Part 5

962 98 12
                                    

Satu minggu pernikahan Vando dan Layla, mereka berdua memutuskan untuk tinggal di apartemen saja. Mereka berdua takut jika orangtua Layla mengetahui bahwa ada yang tidak beres dengan pernikahan mereka. Lagipula mereka berdua sama-sama lelah menutupi fakta yang sebenarnya.

Dan disinilah mereka sekarang. Disebuah apartemen mewah yang baru dibeli Vando beberapa hari yang lalu.

Layla menatap ke sekeliling apartemen. Lumayan besar untuk ditempati oleh mereka berdua. Namun wanita itu menyukainya. Ia bisa memiliki banyak waktu untuk berdua saja dengan Vando. Siapa tahu hubungan mereka akan mulai membaik setelah ini.

Layla melangkah menuju kamar utama, dimana Vando telah masuk duluan.

"Aku boleh masuk begitu saja kan ?" Tanya Layla, dengan nada ragu. Jika dirumahnya dia bisa bertindak sesuka hati. Namun sekarang mereka tidak lagi berada dirumahnya. Dia takut, akan ada peraturan-peraturan yang dibuat oleh pria itu.

Vando menganguk. "Kita suami istri, jika kau lupa."

Layla melangkah masuk. Lemari pakaian adalah tujuan utamanya. Karena dia ingin menata baju-baju yang mereka bawa disana.

"Wah, aku tidak menyangka lemarinya akan sebesar ini." Ucapnya berdecak kagum. Ia menggeser-geser pintu lemari tersebut.

"Kau bisa meletakkan apapun yang kau suka disana. Aku juga membeli lemari untuk tas dan juga sepatu-sepatumu."

Layla menoleh, menatap Vando yang juga menatapnya.
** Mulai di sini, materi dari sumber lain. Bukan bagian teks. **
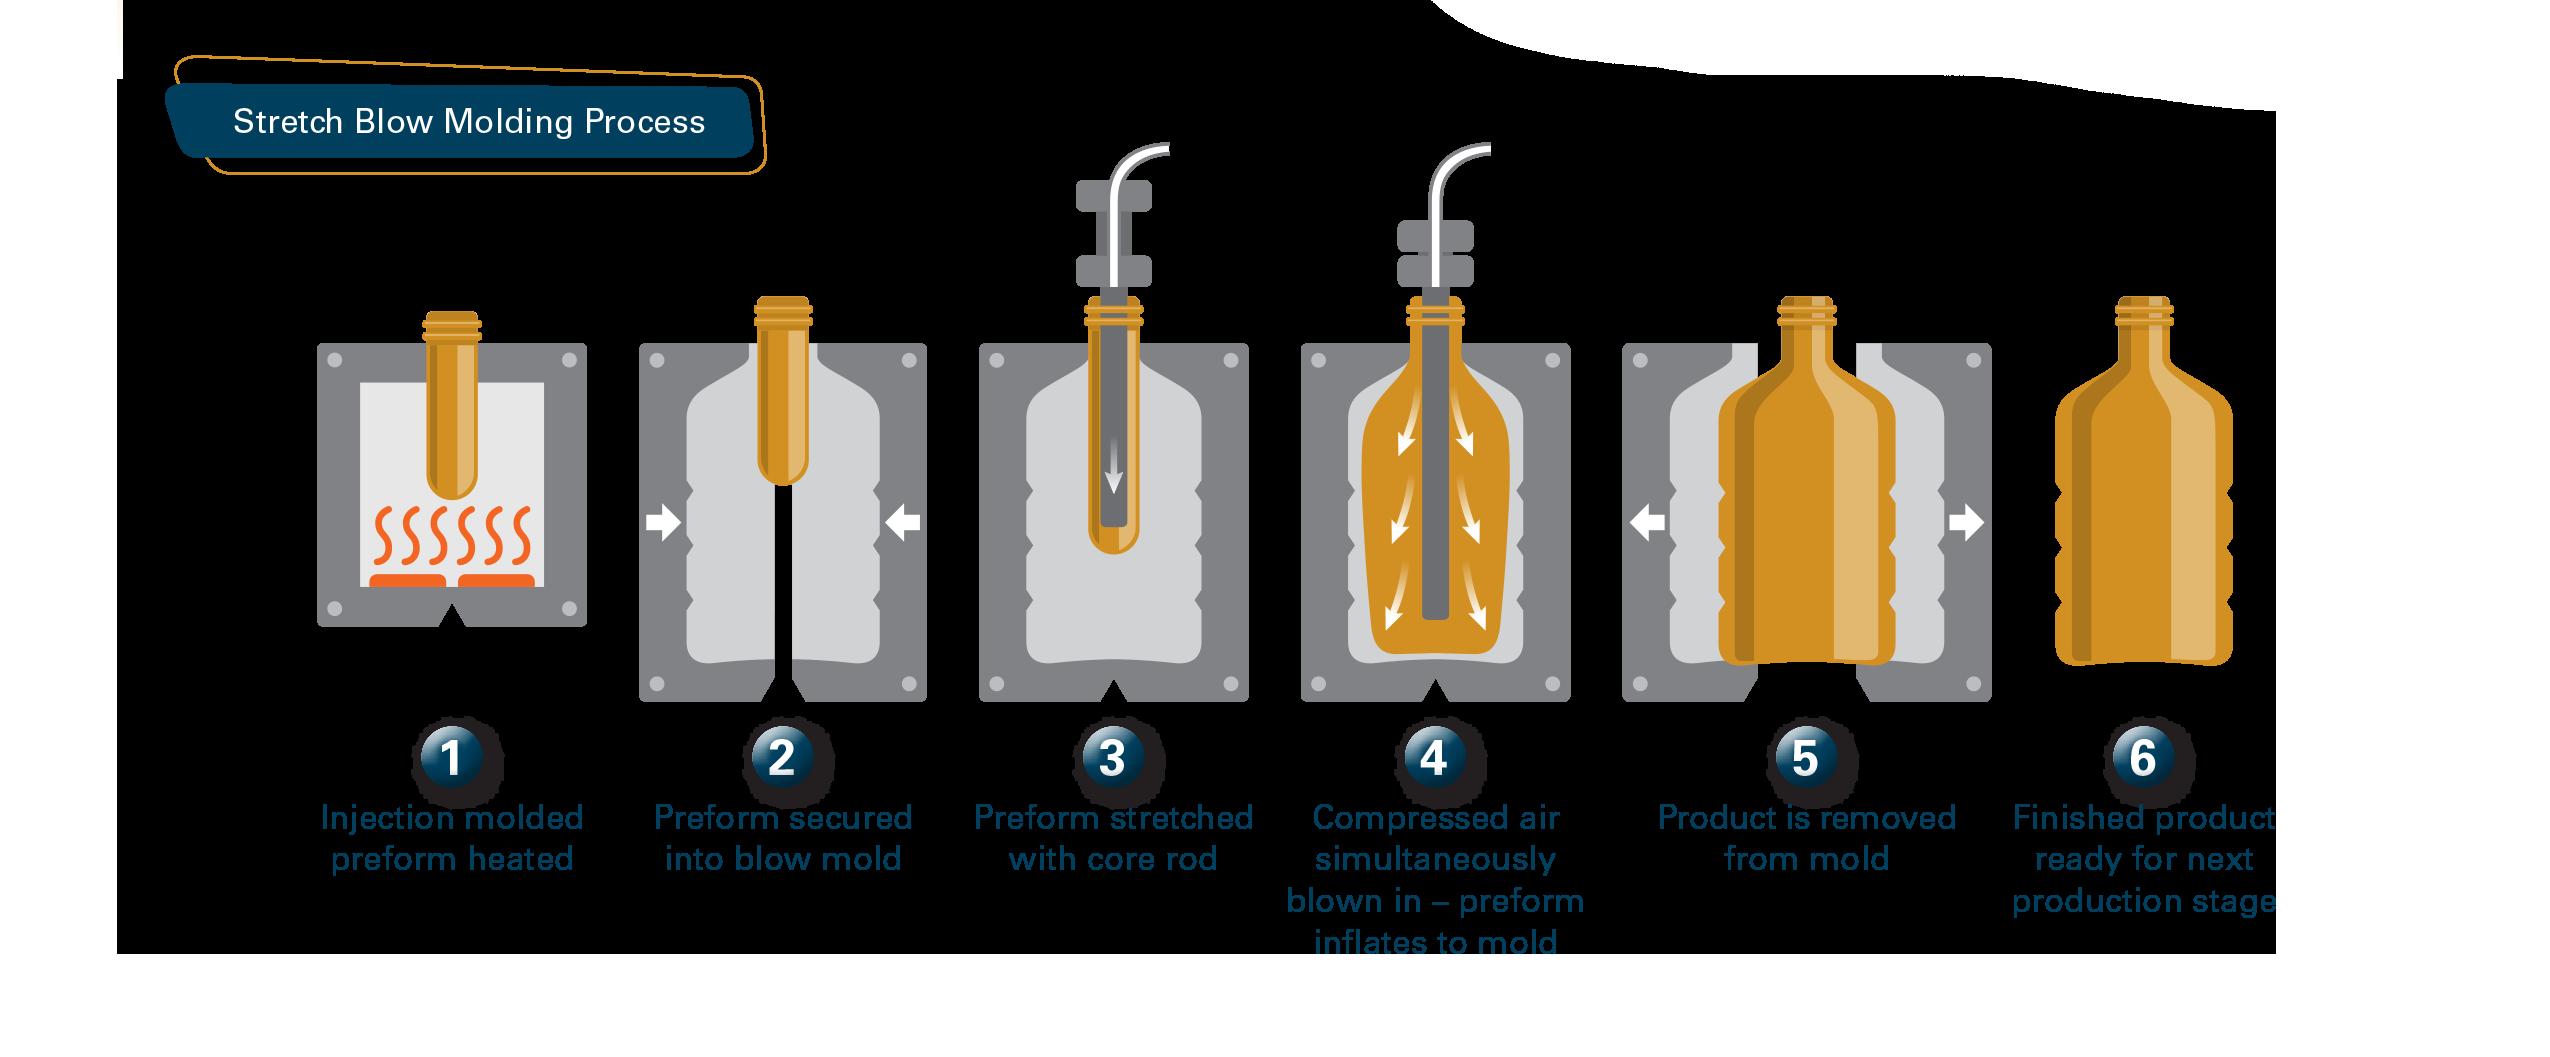 Stretch Blow Molding Process

Ia lalu mengalihkan pandangannya, mengikuti arah tunjuk Vando. Ia kembali berdecak kagum saat melihat lemari kaca besar. Lemari itu khusus didesain untuk meletakkan tas beserta sepatu.

Ia kembali menatap Vando. "Terima kasih, Van. Aku sangat menyukainya." Ucapnya dengan tulus.

Vando menatap Layla yang tersenyum ke arahnya. Diam sejenak, ia lalu menganggukkan kepala. Hanya seperti itu. Tidak ada kata-kata lainnya.

***

"Van, kulkas kita masih kosong. Kau mau ikut berbelanja di supermarket depan ?" Layla mengajak Vando yang terlihat sibuk dengan laptopnya. Pria itu menoleh sekilas lalu menggelengkan kepala.

Layla mengangguk paham. "Aku belanja dulu kalau gitu."

"La..."

"Ya ?"

Vando mengambil dompetnya lalu mengeluarkan kartu kredit dari dalam sana. "Pakai ini untuk berbelanja."

"Tapi..."

"Pakai ini La !" Perintah Vando, tegas.

Layla menurut, ia mendekati Vando lalu mengambil kartu kredit tersebut dari tangan pria itu. Setelah itu ia benar-benar pergi untuk berbelanja, tanpa Vando tentu saja.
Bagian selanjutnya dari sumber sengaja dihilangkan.